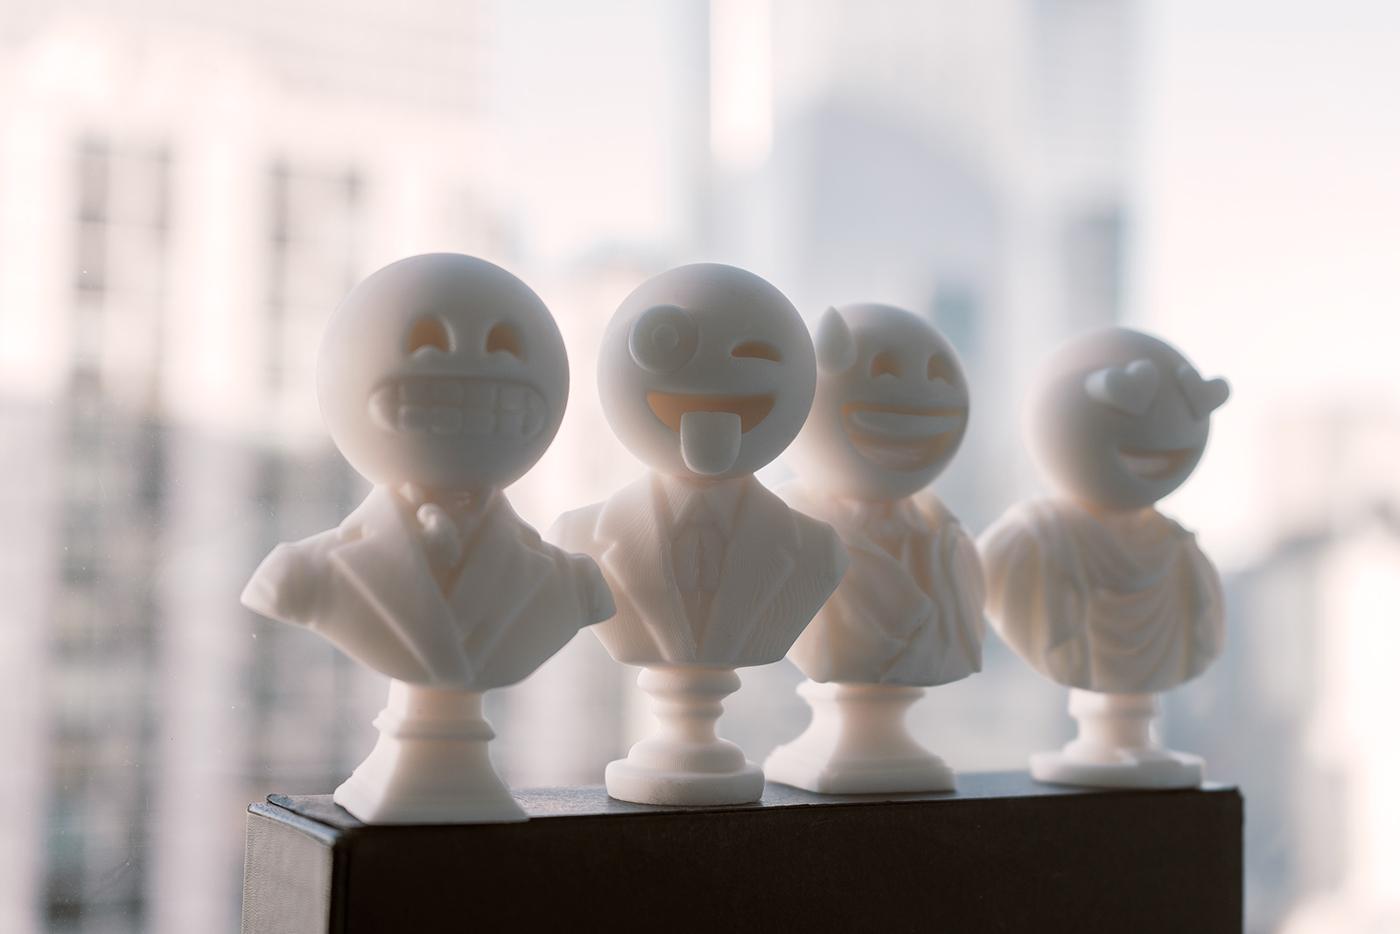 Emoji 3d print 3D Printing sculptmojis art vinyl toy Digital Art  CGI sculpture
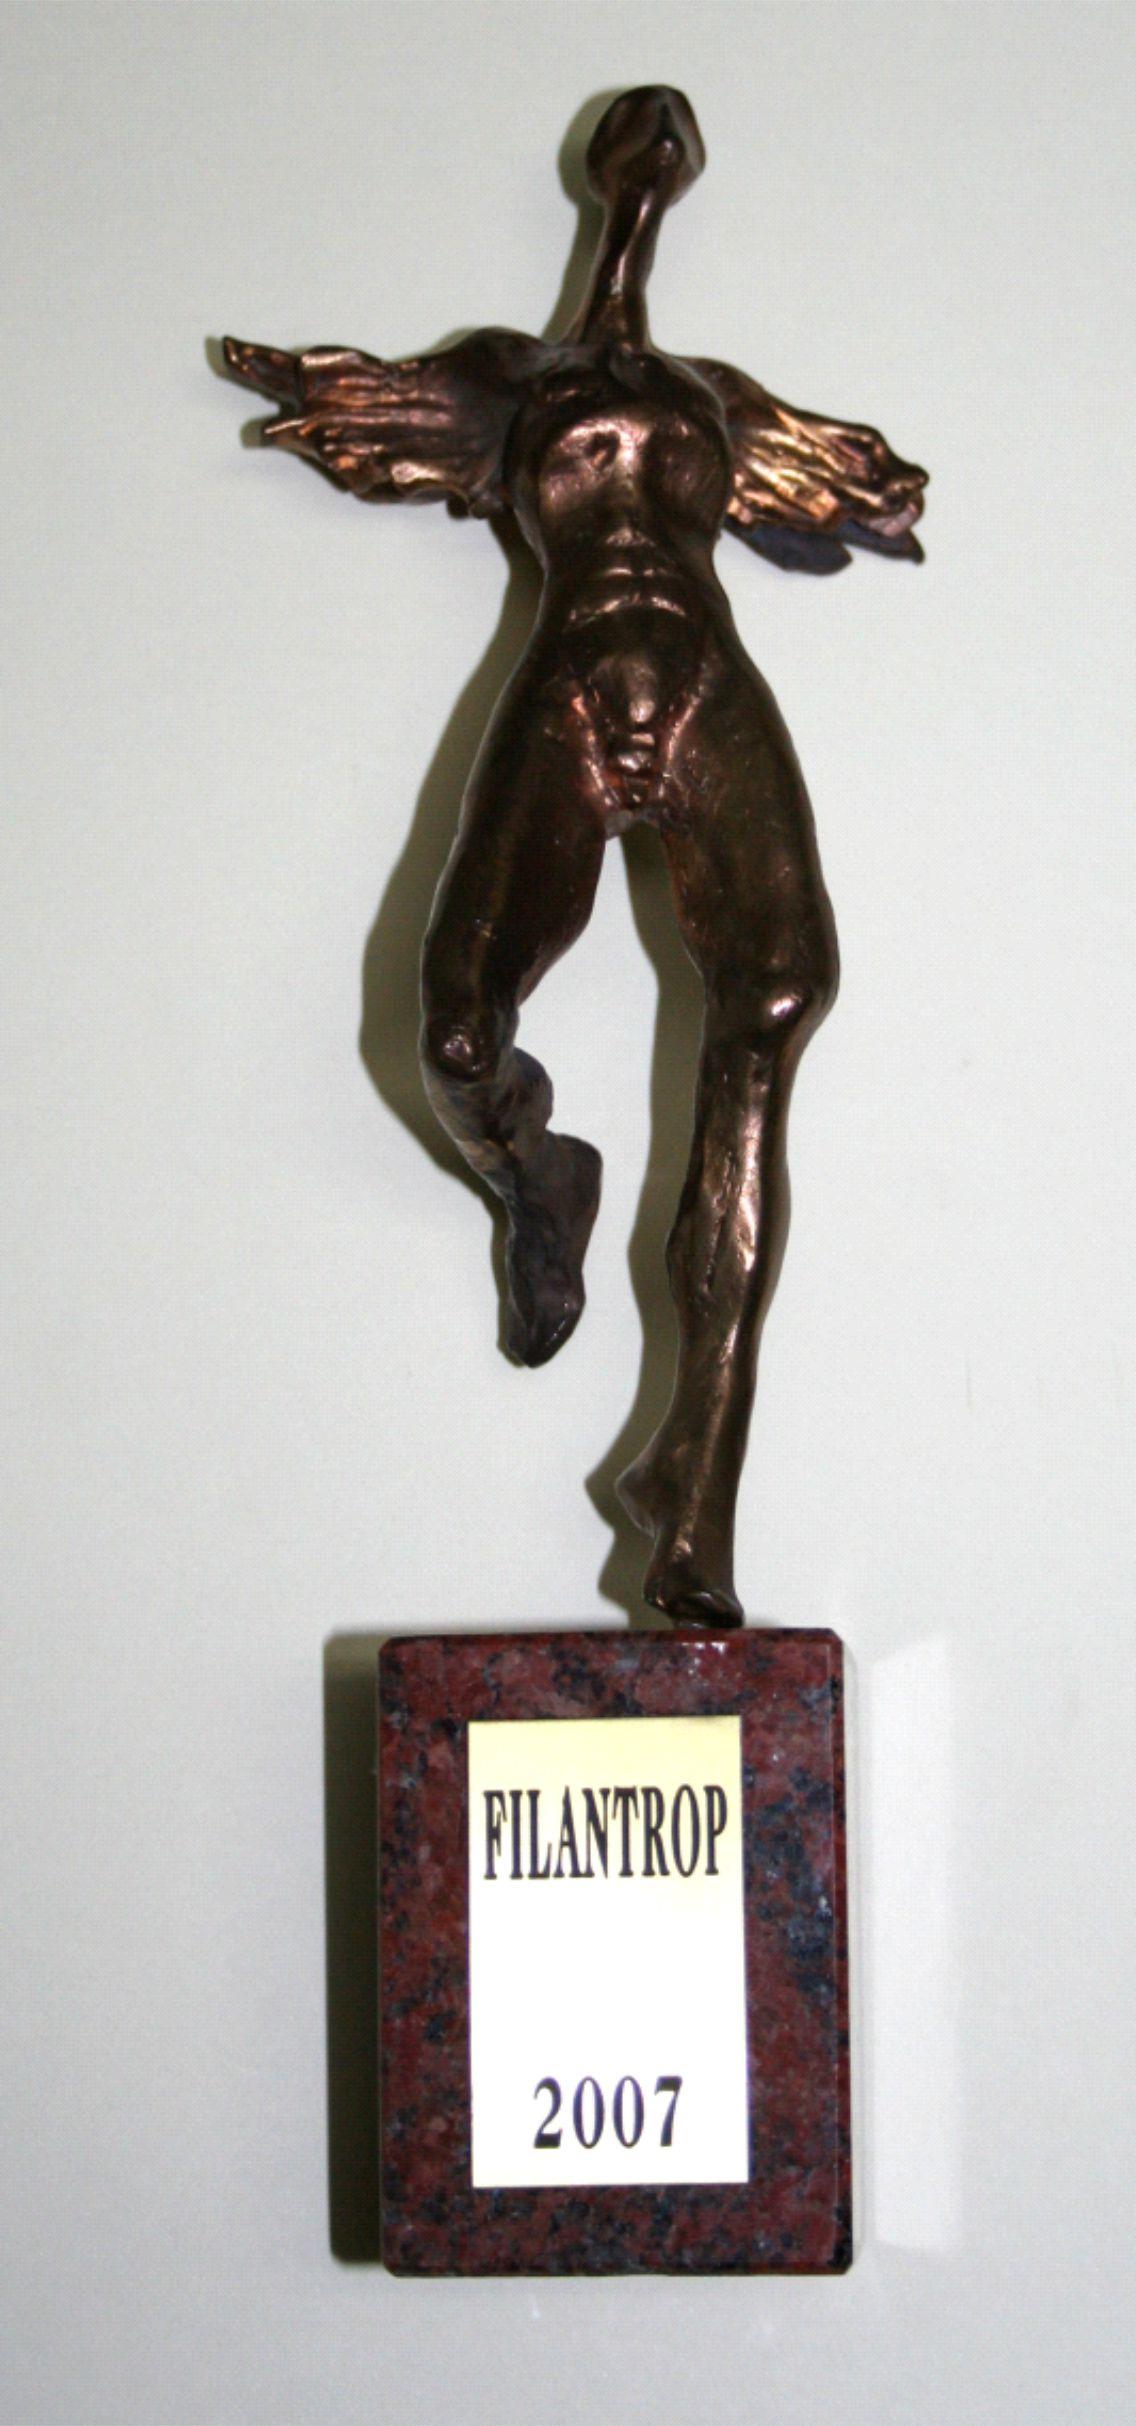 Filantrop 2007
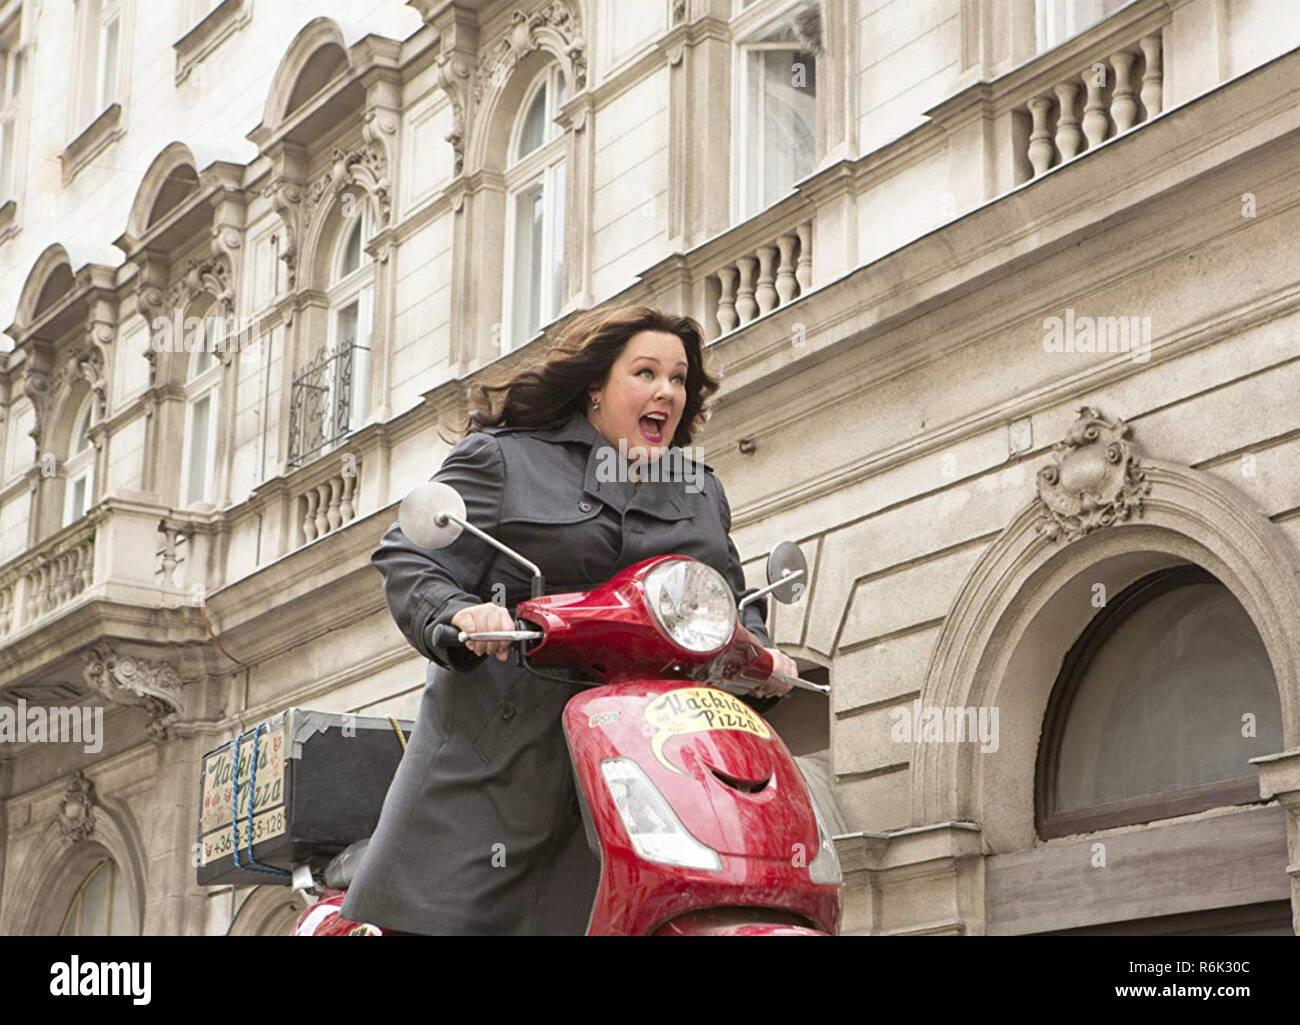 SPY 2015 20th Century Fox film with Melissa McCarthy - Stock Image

→ ABOUT THIS EXERCISE:
Pictures excluded, copy exactly the lines running from the one with "Filantrop 2007" through the last line of the material.

→ RESULT OF THIS TASK:
 Filantrop 2007
 SPY 2015 20th Century Fox film with Melissa McCarthy - Stock Image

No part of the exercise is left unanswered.